Sulbactam is able to inhibit the most common forms of beta-lactamase but is not able to interact with the ampC cephalosporinase. Thus, it confers little protection against bacteria such as Pseudomonas aeruginosa, Citrobacter, Enterobacter, and Serratia, which often express this gene.
In the United States, sulbactam is combined to form cefoperazone/sulbactam and ampicillin/sulbactam. It does possess some antibacterial activity when administered alone, but it is too weak to have any clinical importance.
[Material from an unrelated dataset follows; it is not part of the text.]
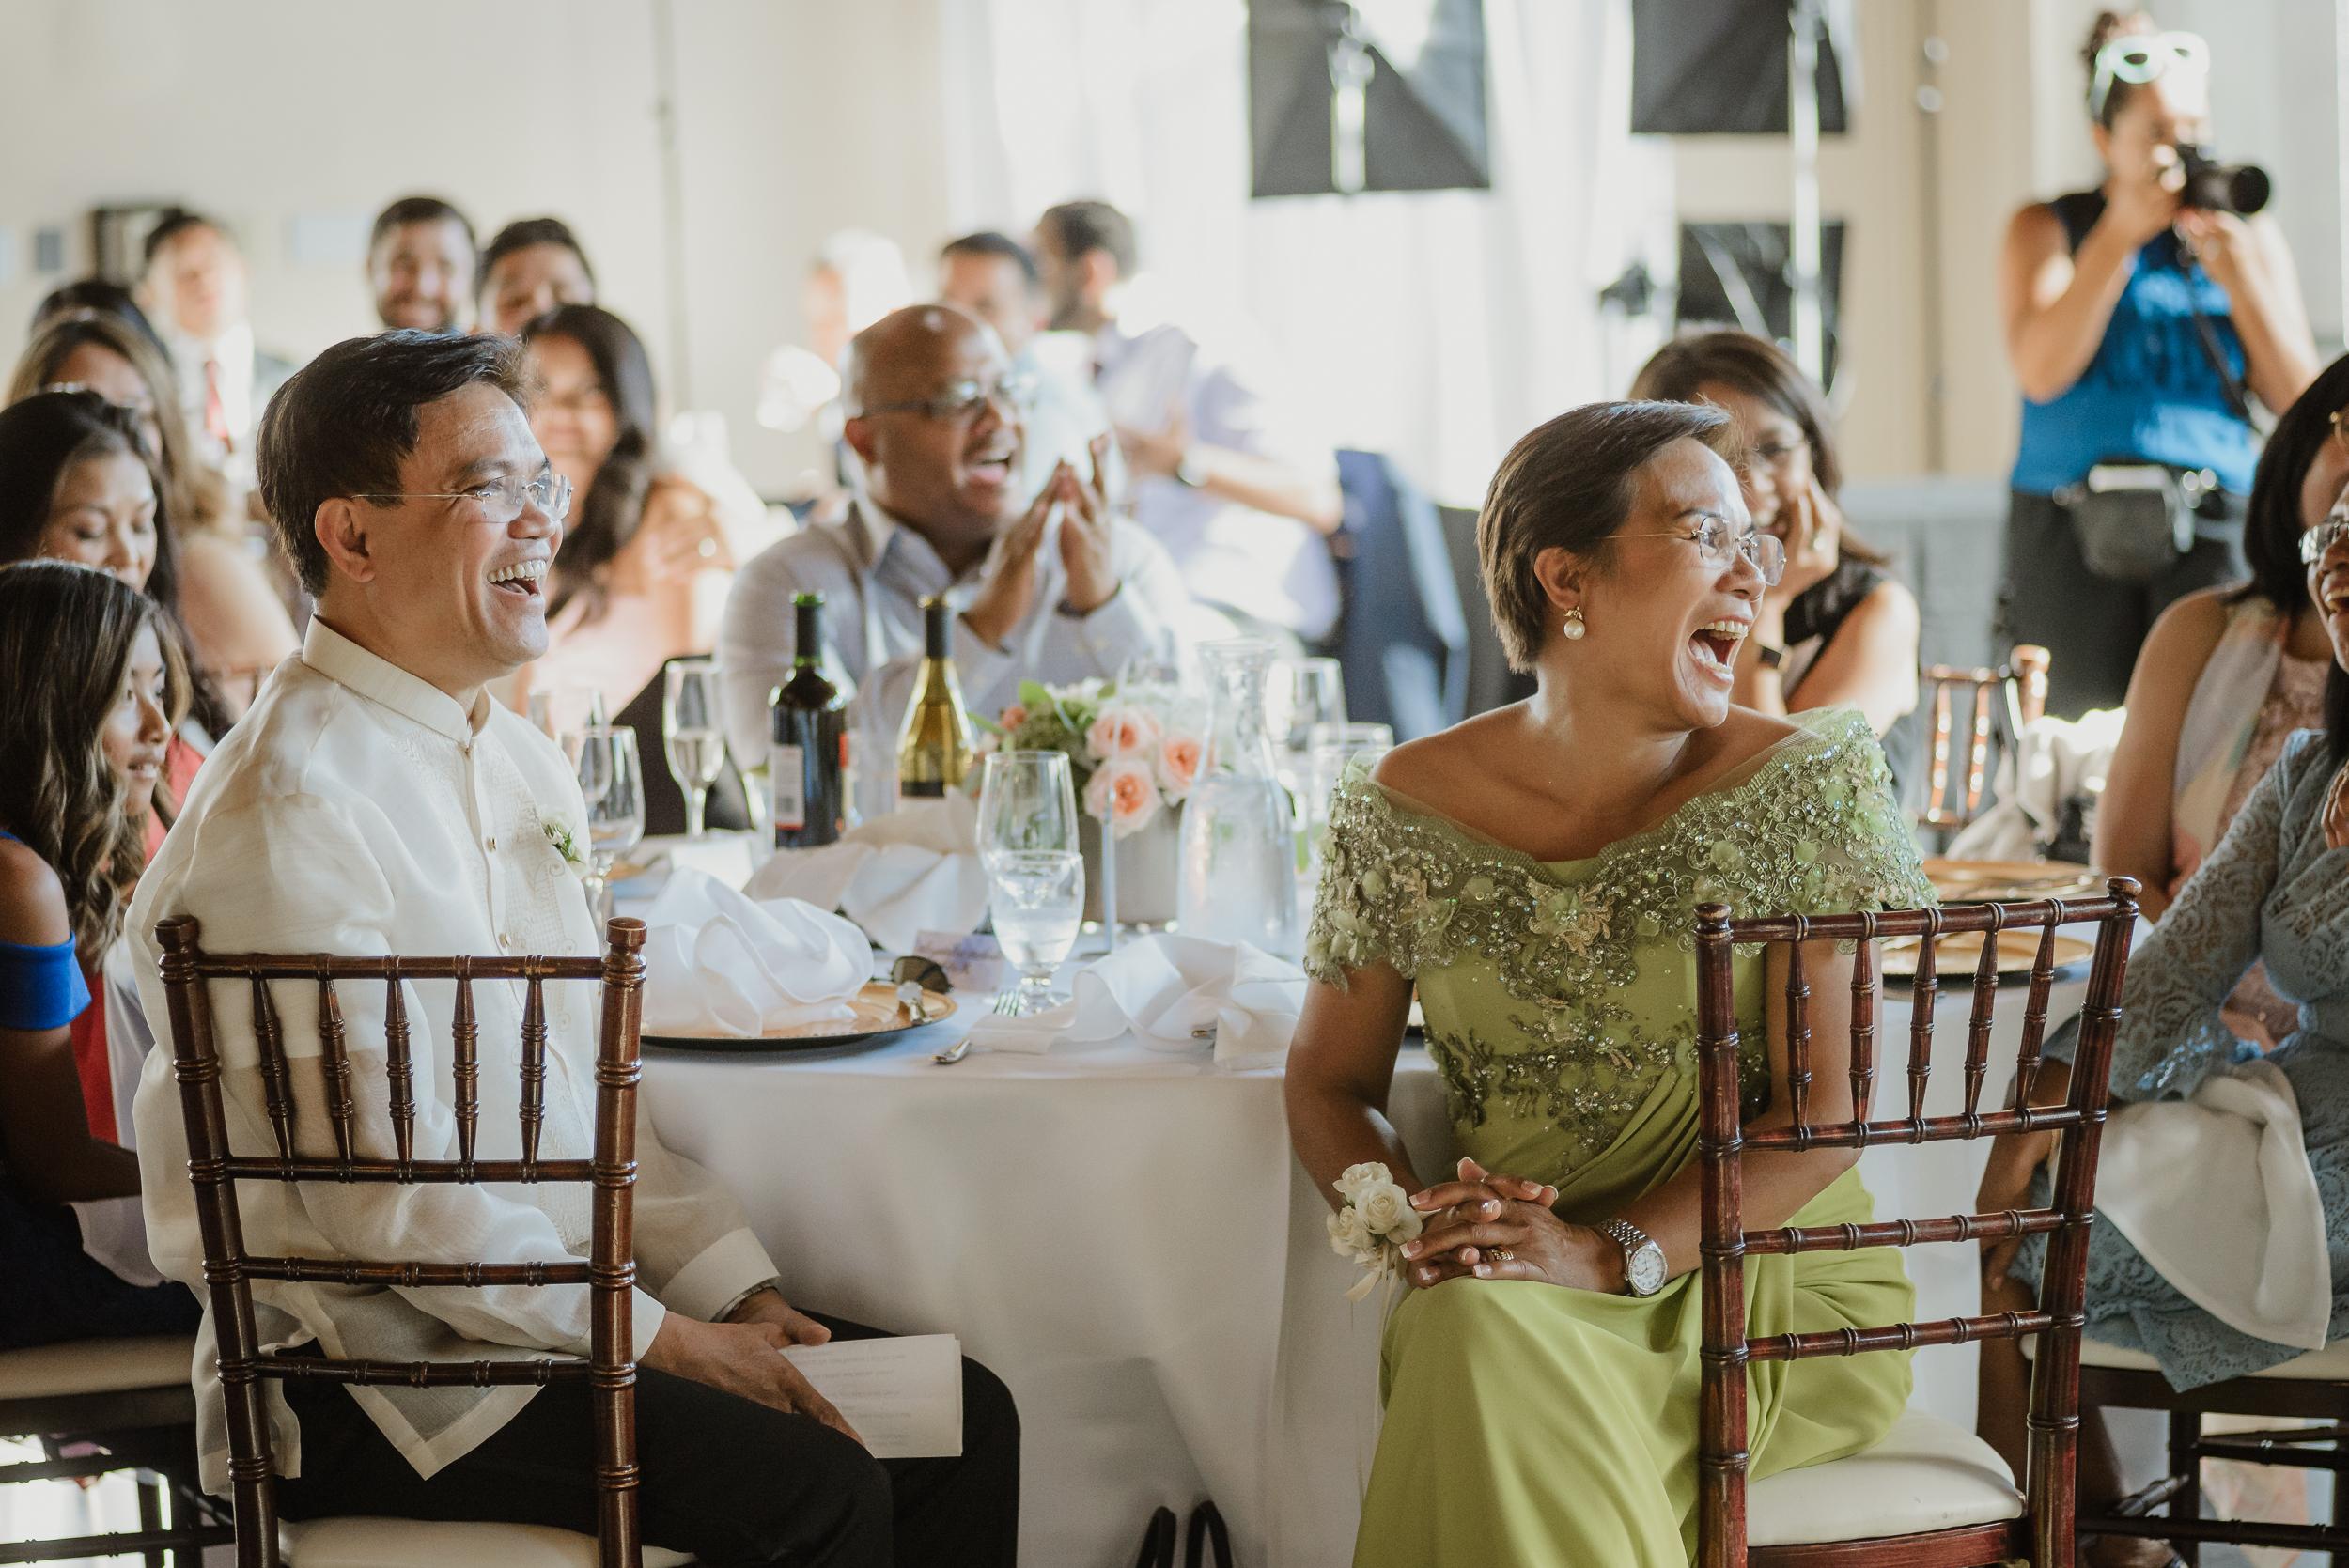 47-bridges-golf-club-wedding-vivianchen-522.jpg

Cefoperazone, a bactericidal antibiotic, inhibits bacterial cell wall synthesis of actively dividing cells by binding to one or more penicillin binding proteins (PBPs). Sulbactam is a β-lactamase inhibitor and acts primarily by irreversible inactivation of β-lactamases.
Rash, skin reactions, fever, eosinophilia, urticaria, and pruritus. Haematological – Slight decreases in Hb conc and haematocrit value. GI effects, diarrhoea or loose stools, nausea, and vomiting. Mild, transient elevations of serum SGOT, SGPT, and alkaline phosphatase concentrations. Renal effects – Transient elevations in BUN and serum creatinine concentrations.
Meningitis, Respiratory tract infections, Skin and soft tissue infections, Intra-abdominal infections, Urinary tract infections, Septicaemia, Bone and joint infections, Gynaecological infections
Adult: Ratio of sulbactam:cefoperazone is 1:1. Doses are expressed in terms of cefoperazone.
Mild to moderate infections: 1-2 g daily, given in equally divided doses every 12 hours.
Severe infections: Up to 4 g daily, given in equally divided doses every 12 hours; max dose of sulbactam: 4 g daily.
Child: Ratio of sulbactam:cefoperaone is 1:1. Doses are expressed in terms of cefoperazone.
Recommended doses: 20-40 mg/kg/day, given in equally divided doses every 6-12 hours.
For serious infections: Up to 160 mg/kg/day, given in 2-4 equally divided doses may be used.
Max dose of sulbactam: 80 mg/kg/day
Renal impairment: Dose adjustments may be needed.